6.1 ML adapts your model to the world and not the world to your model

Most approaches where models are fit to data (e.g. statistical models or simulations) come with a constrained functional form. Like assuming a linear, exponential, inverse, or additive relationship between variables. Such constraints usually reflect the domain knowledge of the researcher. For example, if you know that a certain fertilizer is less effective in dry climates, you may add an interaction term.

While incorporating domain knowledge sounds smart, it can be dangerous: your modeling success will depend on the reliability of your domain knowledge and your skill in encoding it. A researcher who only knows linear models will assume linearity in all contexts, whether it’s a conscious choice or not. Misspecified models will lead to wrong conclusions and therefore to bad science (Dennis et al. 2019).

In ML, the model classes – like neural networks or random forests – are more flexible and powerful. They can in principle approximate any function.1 You don’t need to know that there is an interaction between humidity and fertilizer effectiveness to build a good model. The algorithm will learn this interaction from the data. There is a shift in burden, the modeling success rests not on your domain knowledge anymore but on the size and quality of your data. Equipped with enough data, even non-domain experts can find highly predictive models. Indeed, there is a trade-off: with lots of data, domain knowledge is secondary; with little data, on the other hand, domain knowledge is key.

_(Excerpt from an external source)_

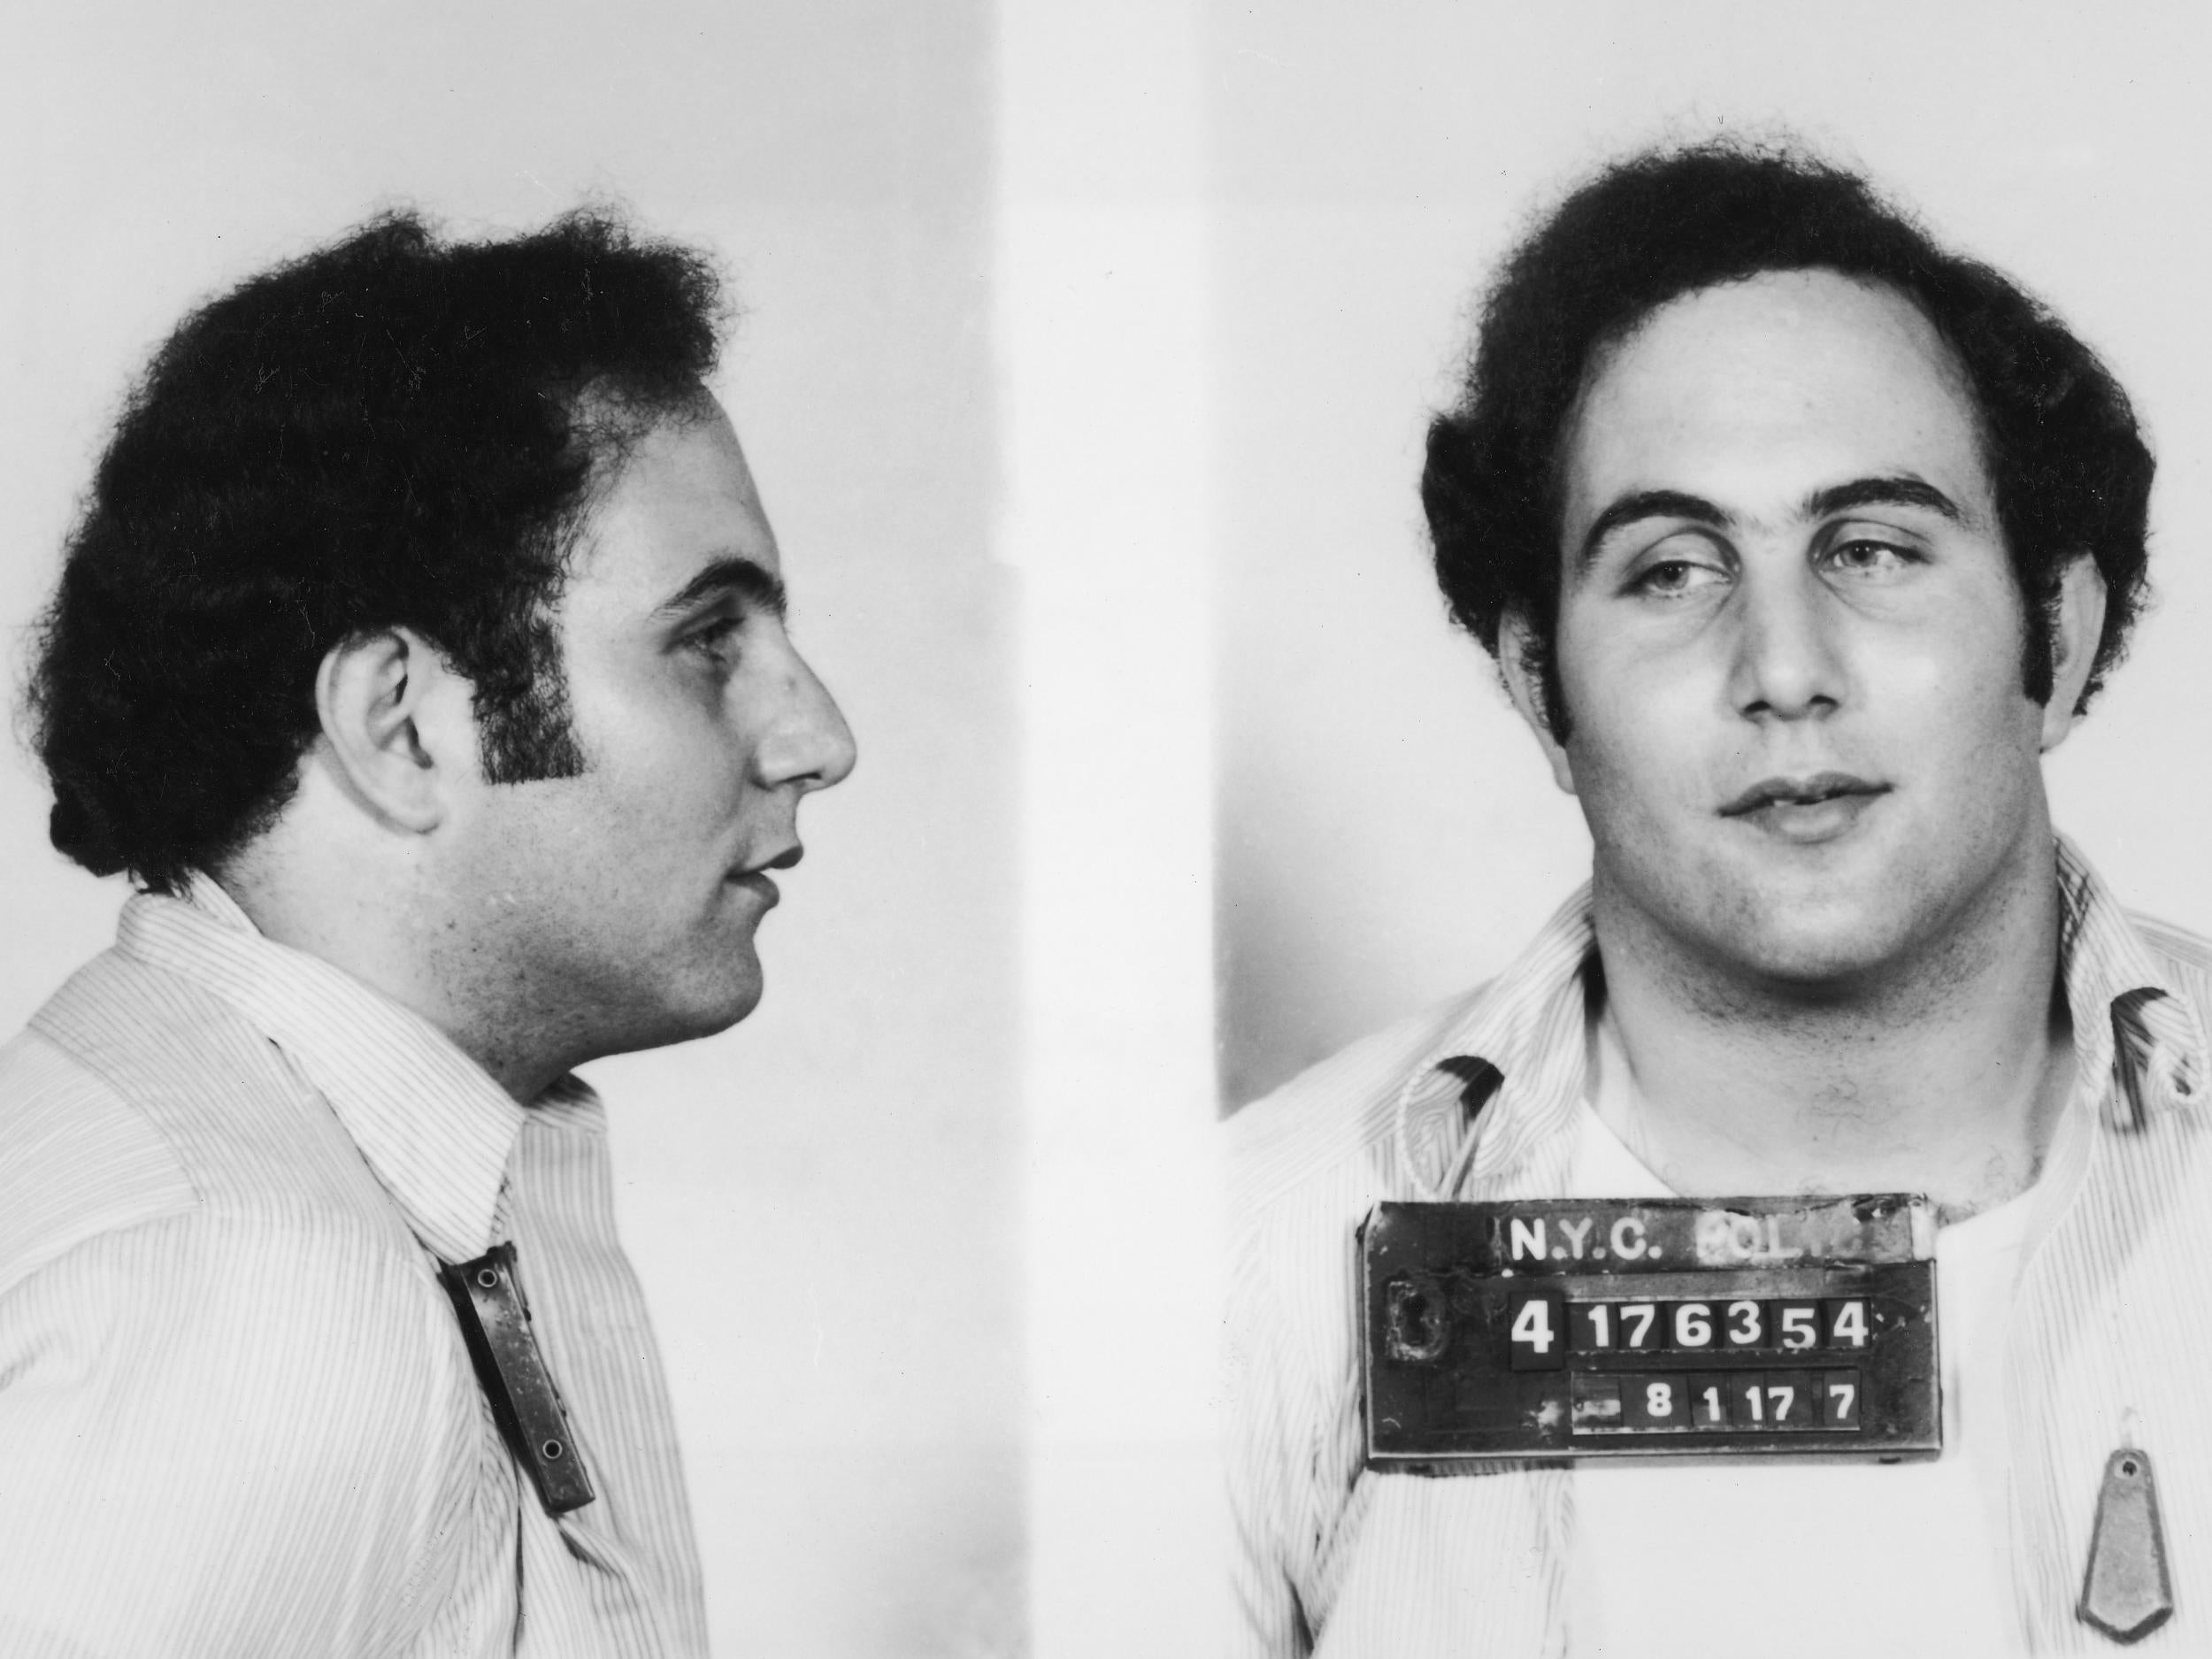 Son of Sam killer David Berkowitz in his police booking photo

We will discuss the role of domain knowledge and how to incorporate it in ML modeling in Chapter 9.

6.2 Machine learning handles different data structures

The more complex the data structures become, the more difficult it becomes to make assumptions and follow a traditional modeling approach. This becomes eminent if we leave the realm of tabular data and consider images, text, and geospatial data. This is where ML can shine. ML successfully handles various data types, such as tabular (Gao et al. 2020), image (Erickson et al. 2017), geospatial (Ren et al. 2021), sound (Oikarinen et al. 2019), graphs (Hu et al. 2020), or text data (Neethu and Rajasree 2013).

  • Most data wasn’t produced by controlled experiments but comes from the messy world.
  • Data is often high-dimensional without indication of what’s relevant and what’s not.
  • Data can come in various forms (text, images, audio, etc.) and is not restricted to tables with clearly interpretable columns.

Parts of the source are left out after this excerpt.